What is being asked
Skip every picture, and copy exactly the lines from the one containing "Charlotte Independence 2024" to the end of the data.

Information provided START

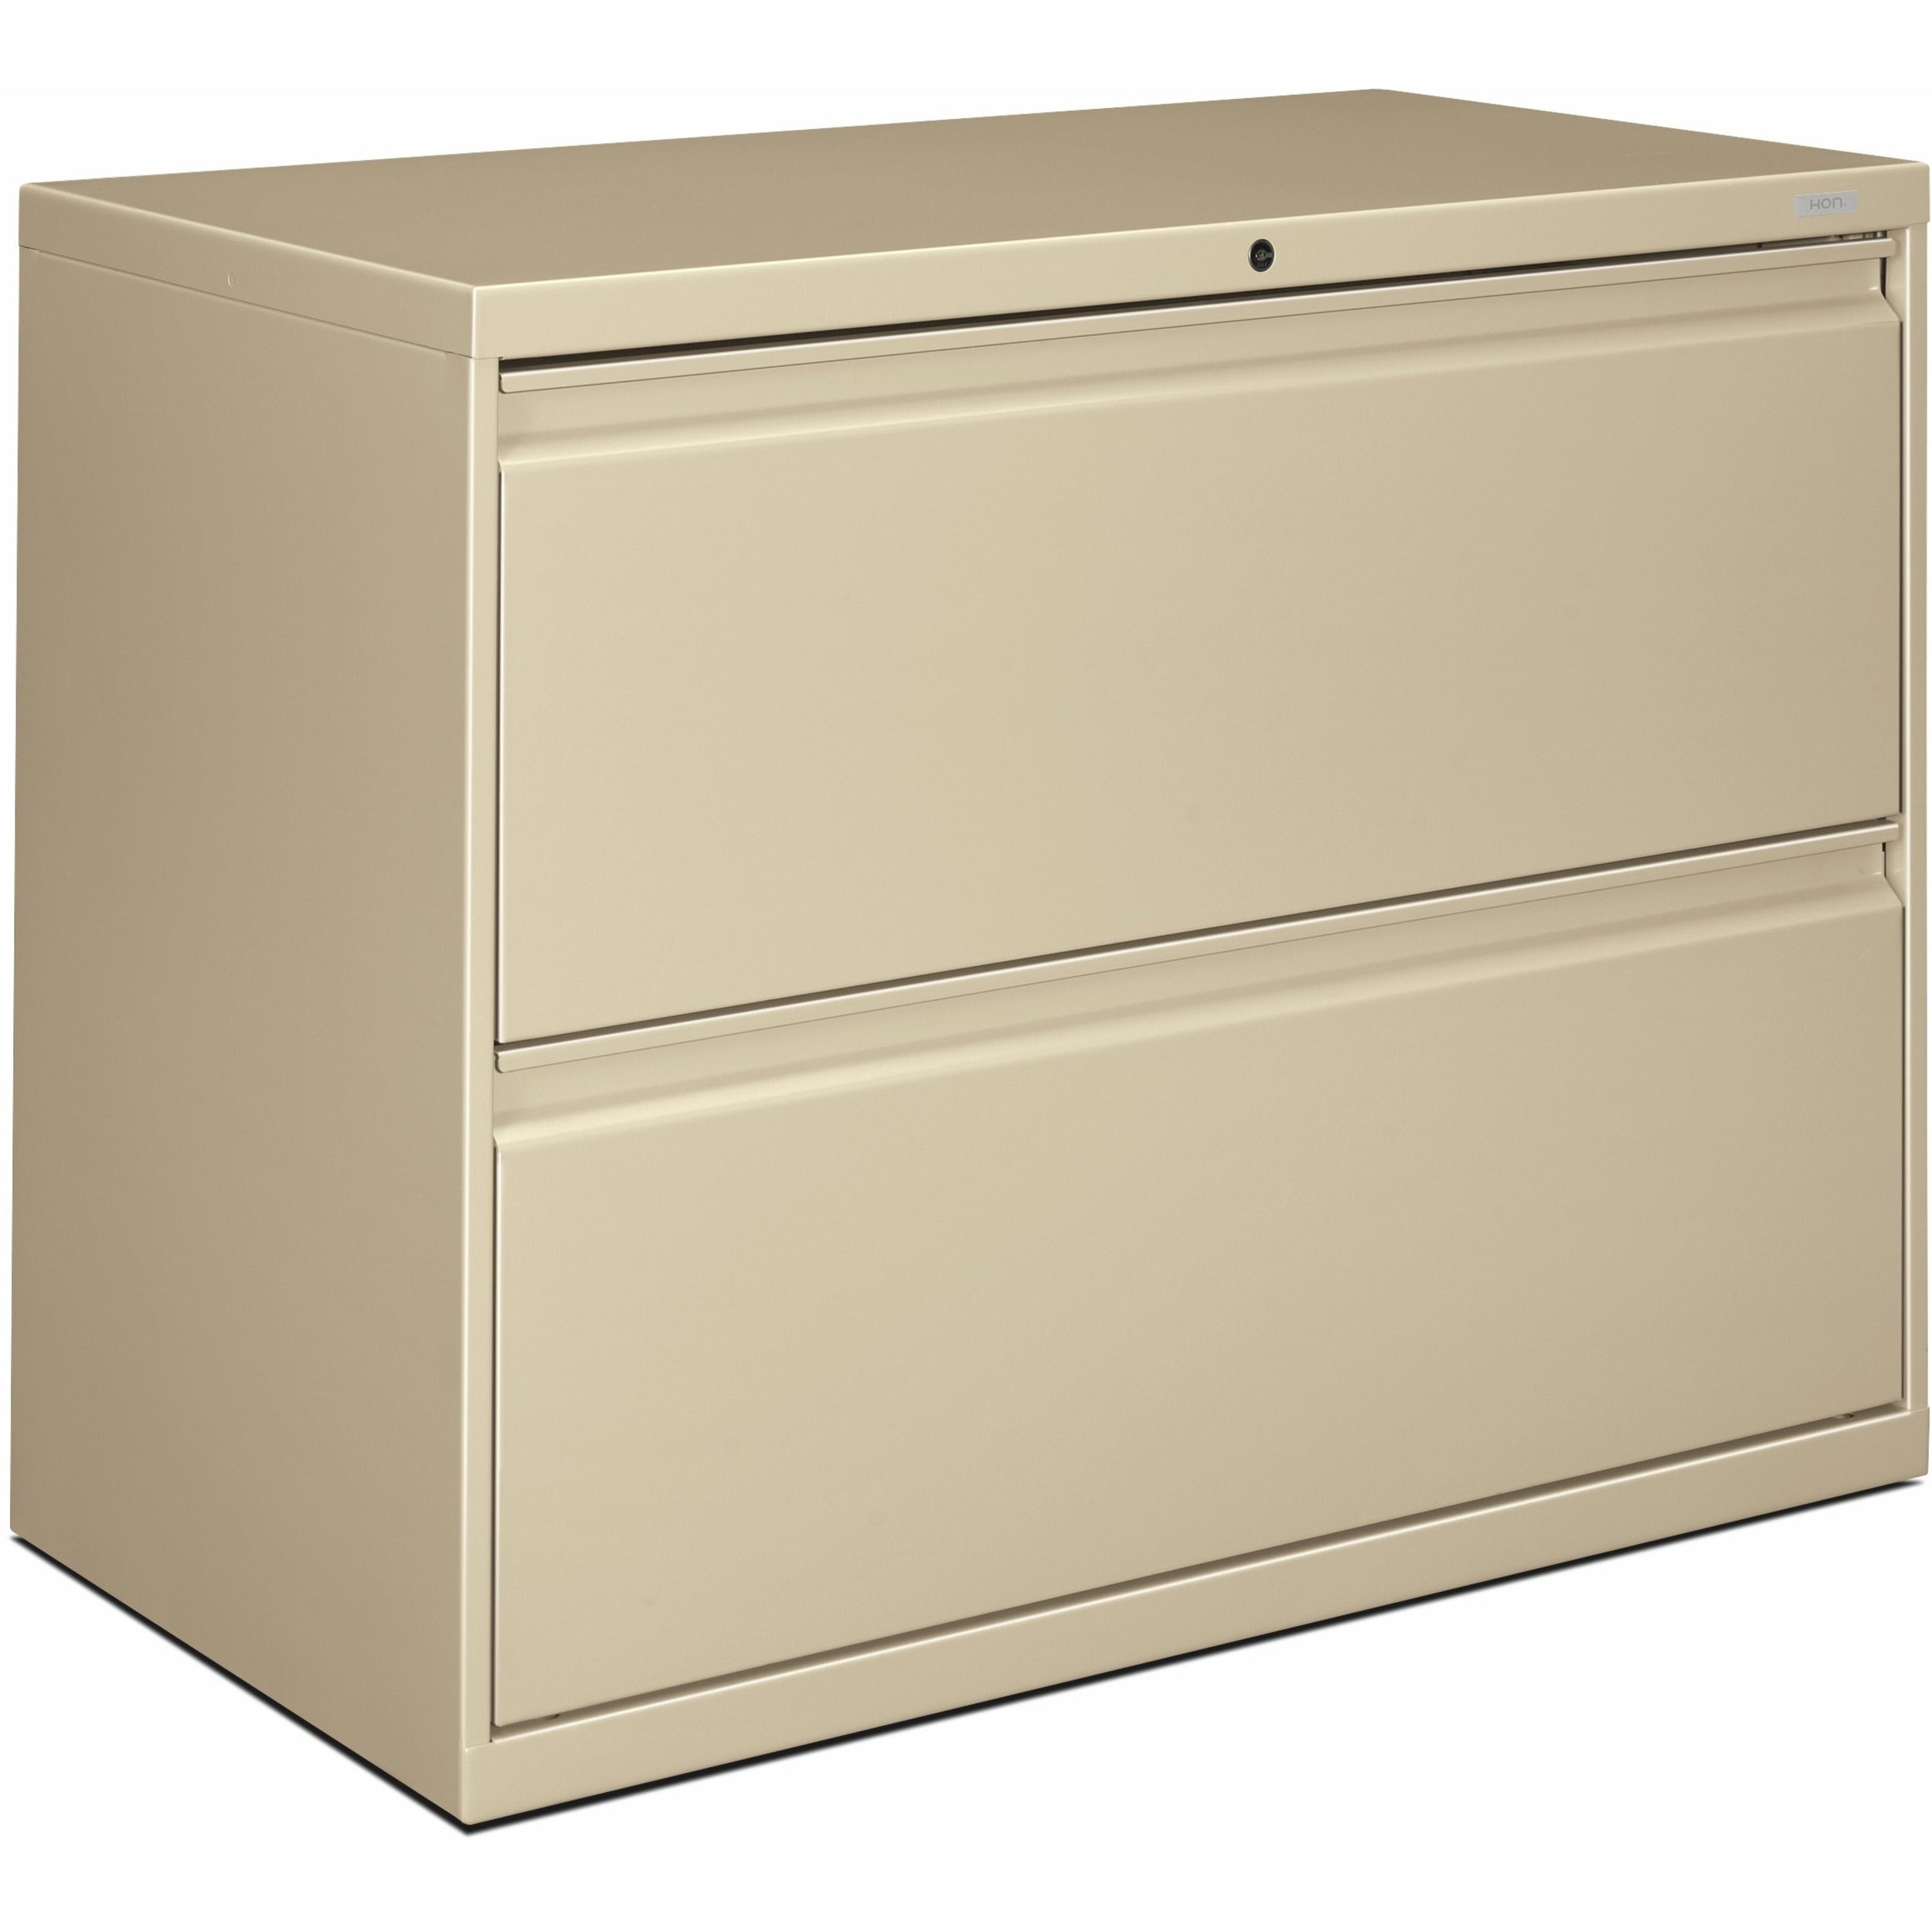 hon-brigade-800-h882-lateral-file-36-x-193284-2-drawers-finish-putty_hon882ll - 1
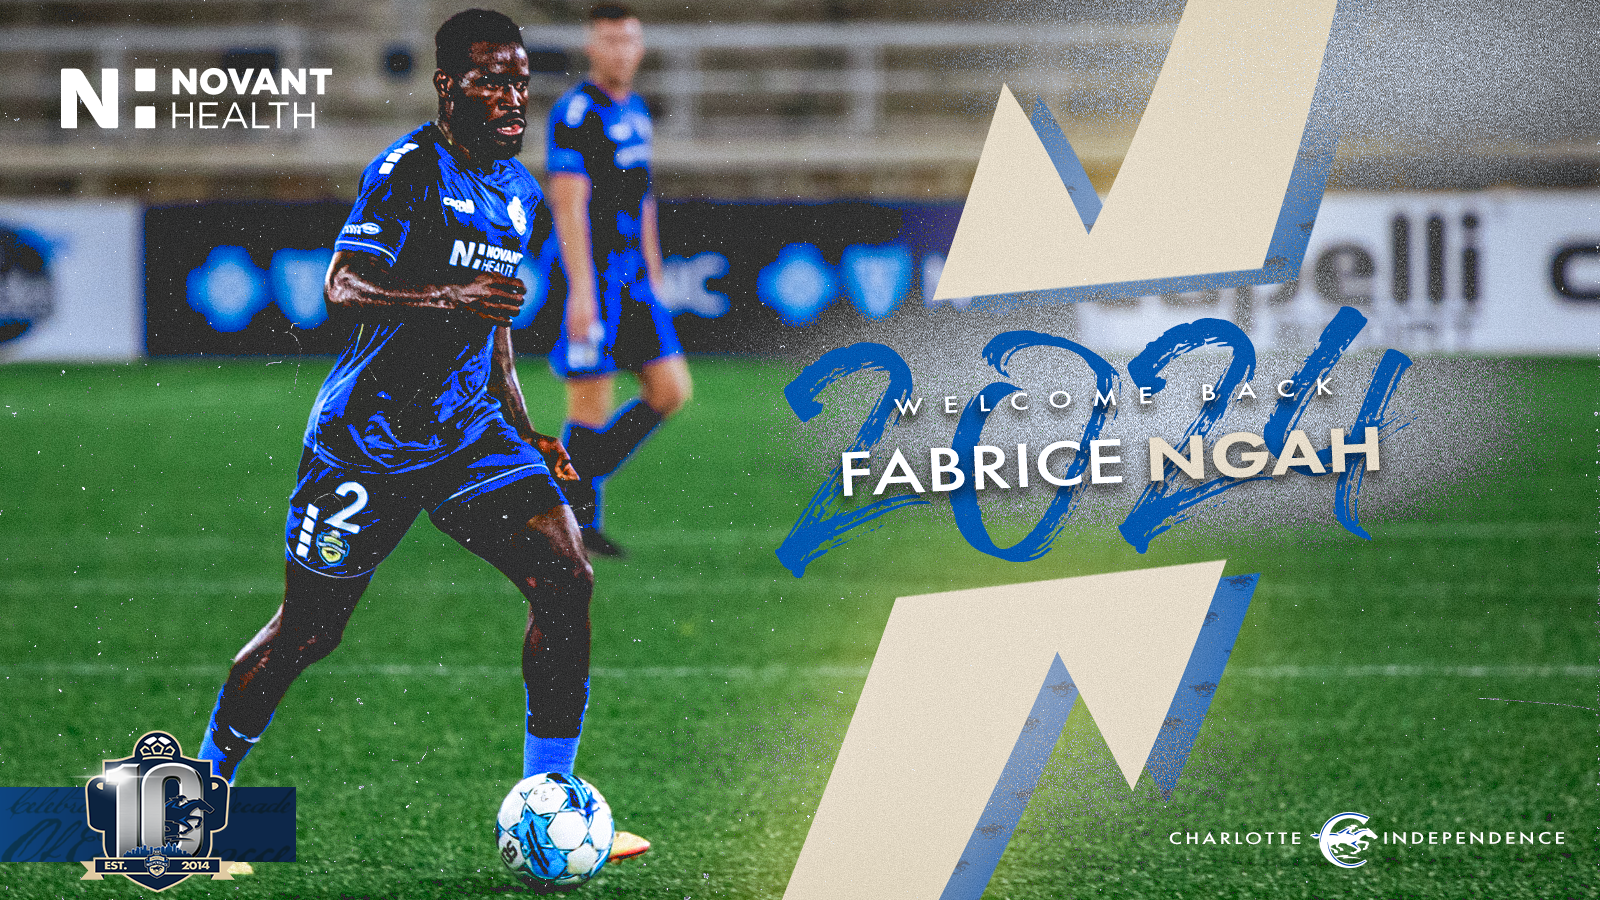 Charlotte Independence 2024 Welcome Back Graphic for Fabrice Ngah
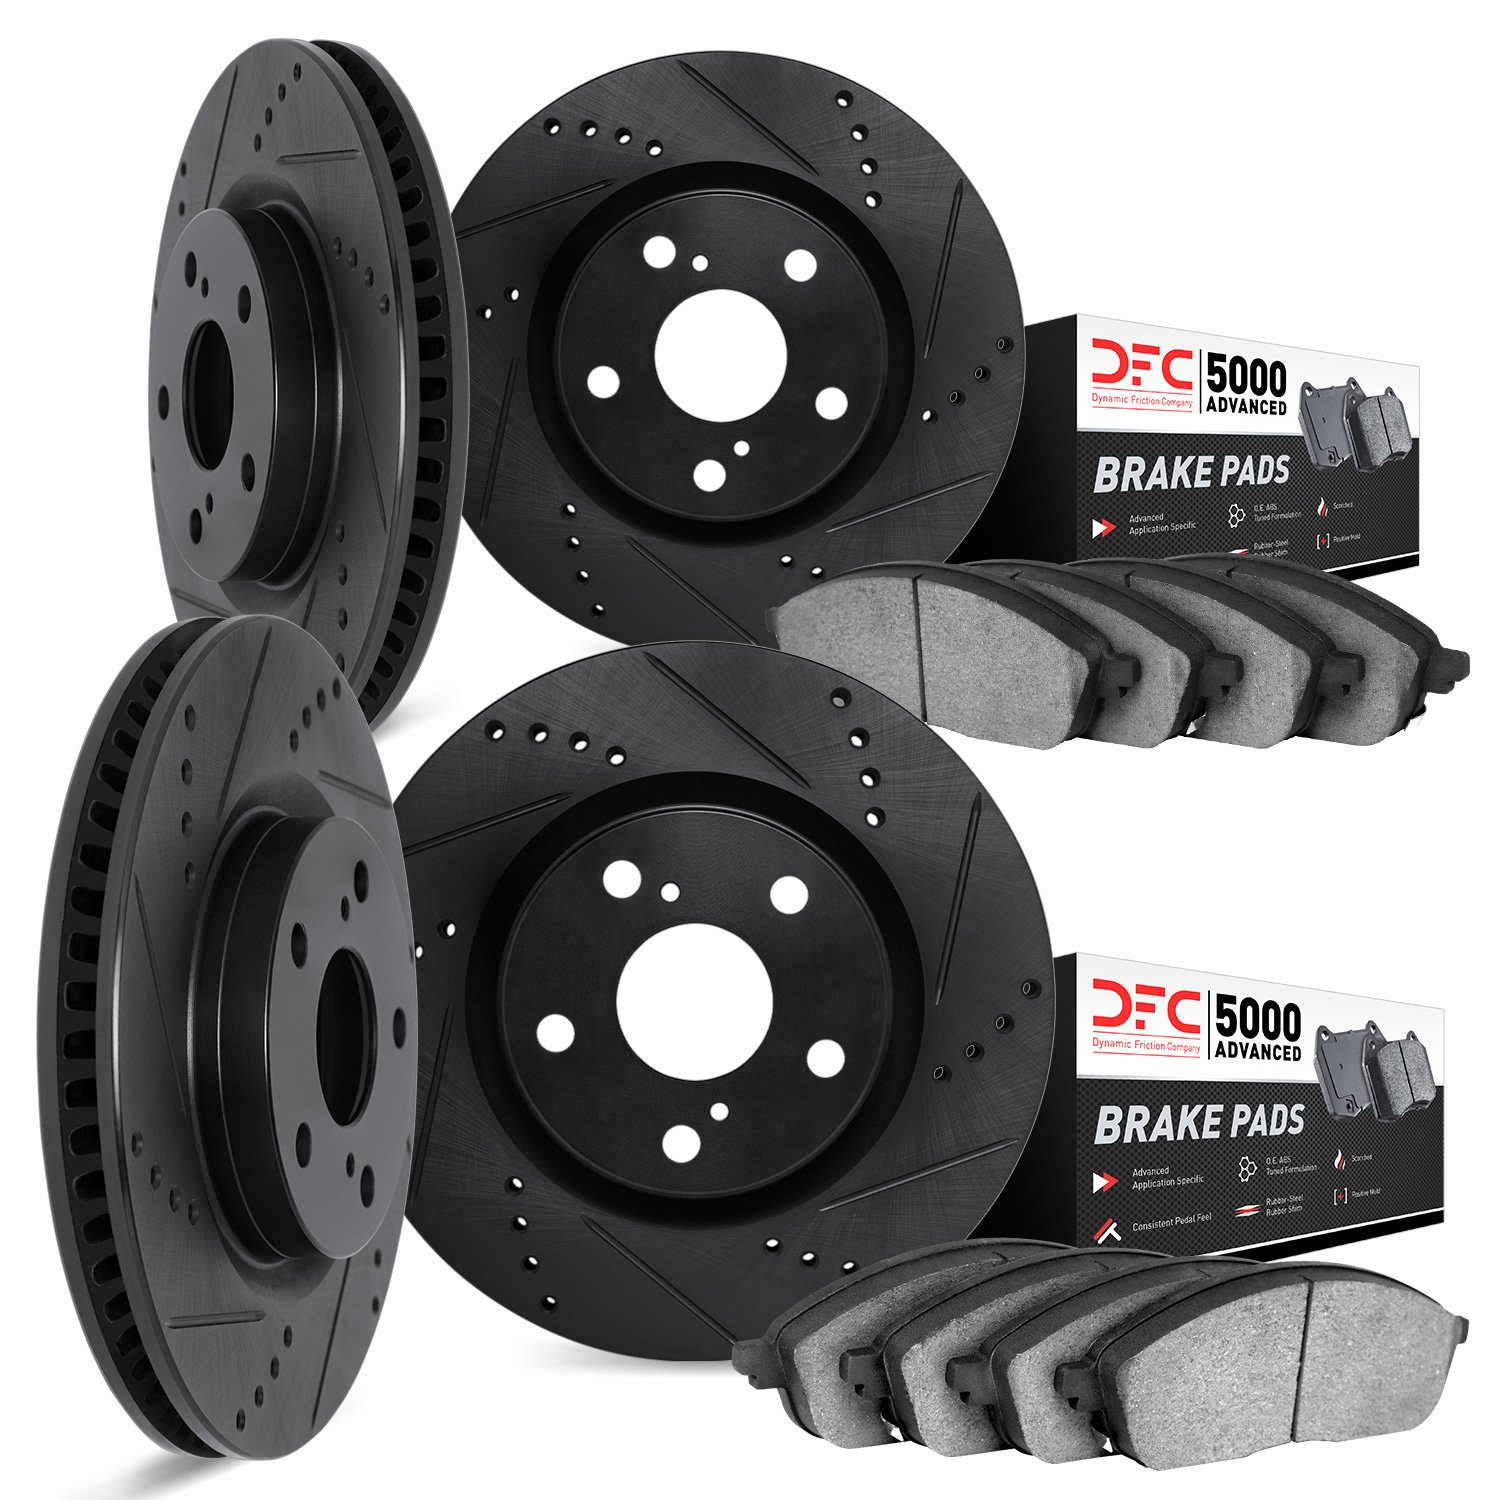 8504-31015 Drilled/Slotted Brake Rotors w/5000 Advanced Brake Pads Kit [Black], 2008-2010 BMW, Position: Front and Rear

Information provided END

Answer box
 Charlotte Independence 2024 Welcome Back Graphic for Fabrice Ngah
 8504-31015 Drilled/Slotted Brake Rotors w/5000 Advanced Brake Pads Kit [Black], 2008-2010 BMW, Position: Front and Rear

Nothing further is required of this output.